Learn how to use machine learning to improve cluster performance.
This talk describes the use of very fine-grained performance data from many Hadoop clusters to build a model predicting excessive swapping events.
Performance of batch processing systems such as YARN is generally determined by the throughput, which measures the amount of workload (tasks) completed in a given time window. For a given cluster size, the throughput can be increased by running as much workload as possible on each host, to utilize all the free resources available on host. Because each node is running a complex combination of different tasks/containers, the performance characteristics of the cluster are dynamically changing.

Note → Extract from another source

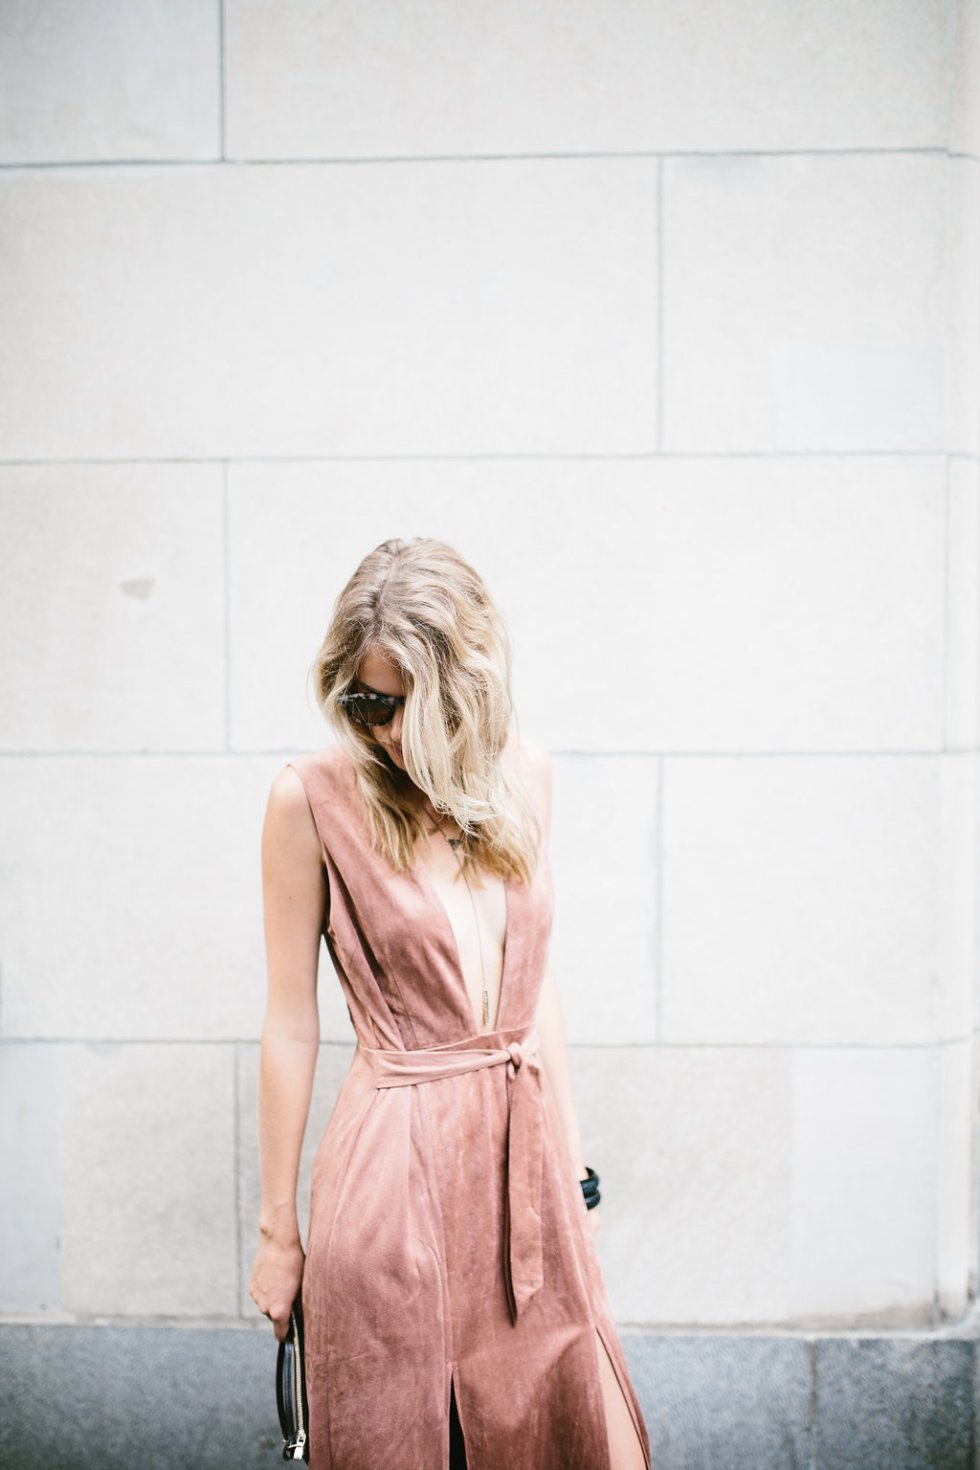 Hommage Suede Dress on PAULARALLIS.com

As a result, there is always a danger of overutilizing host memory, which can result into extreme swapping or thrashing. The impacts of thrashing can be very severe; it can actually reduce the throughput instead of increasing it.
By using very fine-grained (5 second) data from many production clusters running very different workloads, we have trained a generalized model that very rapidly detects the onset of thrashing, within seconds from the first symptom. This detection has proven fast enough to enable effective mitigation of the negative symptom of thrashing, allowing the hosts to continuously provide high throughput.
To build this system we used hand-labeling of bad events combined with large scale data processing using Hadoop, HBase, Spark, and iPython for experimentation. We will discuss the methods used as well as the novel findings about Big Data cluster performance.